A Bitcoin address connected to the release of Russian opposition leader Alexei Navalny has received over $120,000, as protestors flooded the streets of Moscow this weekend.
Bitcoin Funding in Release Protest
On Jan. 17, Russian police in Moscow arrested Navalny at the Moscow airport as he arrived from Berlin. Officials said that a 2014 conviction provoked his arrest last Sunday.
Navalny called for a nation-wide protest and citizens complied, with thousands of protestors pouring onto the nation’s capital.
Navalny’s political party Foundation for Combating Corruption (FBK) is a non-profit organization which does not list the party’s BTC address for legal reasons. Nevertheless, the group’s “headquarter” website, which is linked to on the homepage, accepts donations via wire transfer, PayPal, and Bitcoin.
The party’s address has received numerous donations totalling 3.5 BTC ($120,000) since his arrest, and a total of 657.1 BTC ($21.3 million) since the party first started accepting Bitcoin donations. Donations continue to arrive in the address.
Bitcoin has been a part of public protests and covert operations around the world, from helping protestors in Hong Kong last year to funding the U.S. Capitol riots more recently.
Vladimir Putin has called the protests illegal and dangerous. Reportedly, more than 3000 protestors were detained in Moscow.
Who is Alexei Navalny?
Alexei Navalny is a lawyer turned activist who began criticizing Russian President Vladimir Putin in the 2000s. He announced his presidential candidacy in 2016.
The political activist has faced severe backlash from the government, especially for his reports against Putin. Navalny has spent time in jail on account of reportedly illegitimate charges and has also been poisoned—most recently in August, which sent him into a coma.
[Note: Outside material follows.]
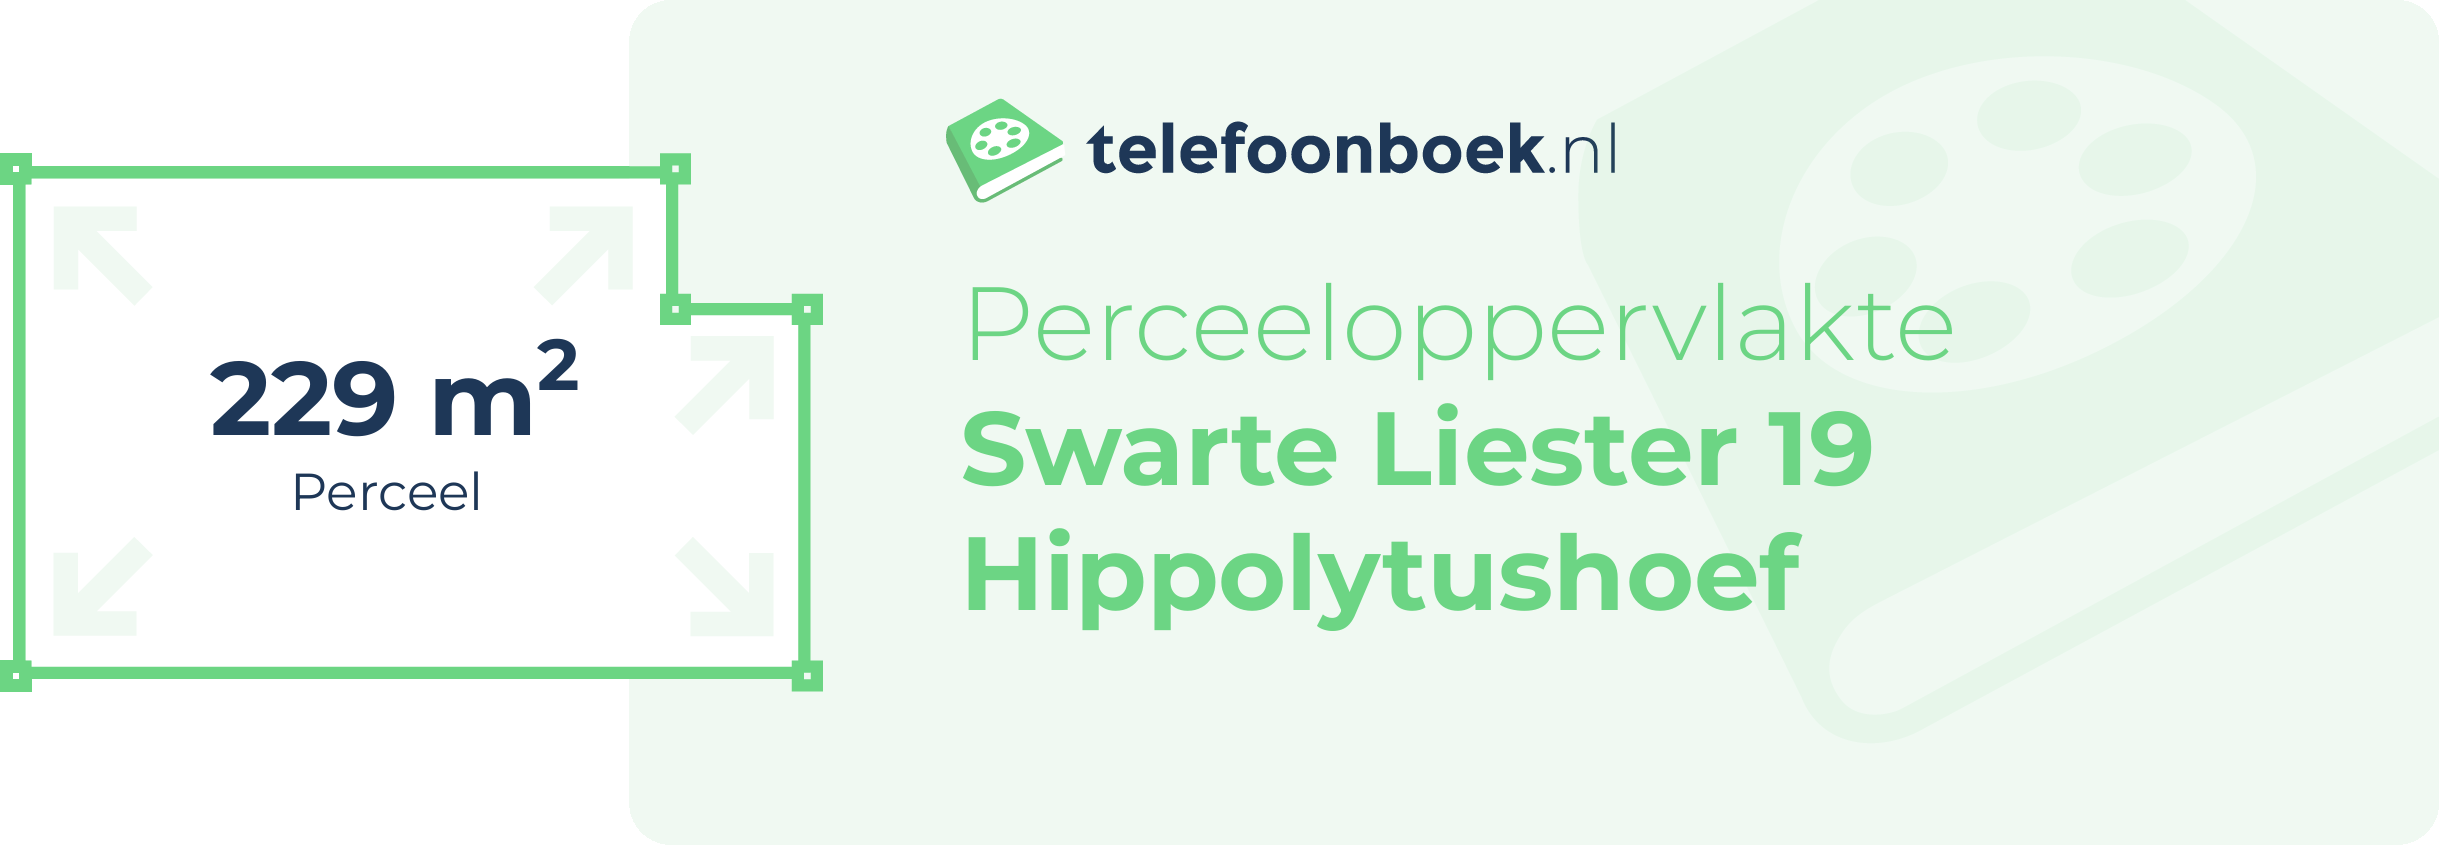 Perceeloppervlakte Swarte Liester 19 Hippolytushoef

The Russian opposition leader has received support from Joe Biden’s administration, asking for his release.
In other cryptocurrency news, the Russian Ministry of Labor banned state officials from holding any cryptocurrency. The new rule not only prevents federal and local employees from purchasing new cryptocurrency—it also demands the sale of old purchases as well.
Disclosure: This author held Bitcoin at the time of publication.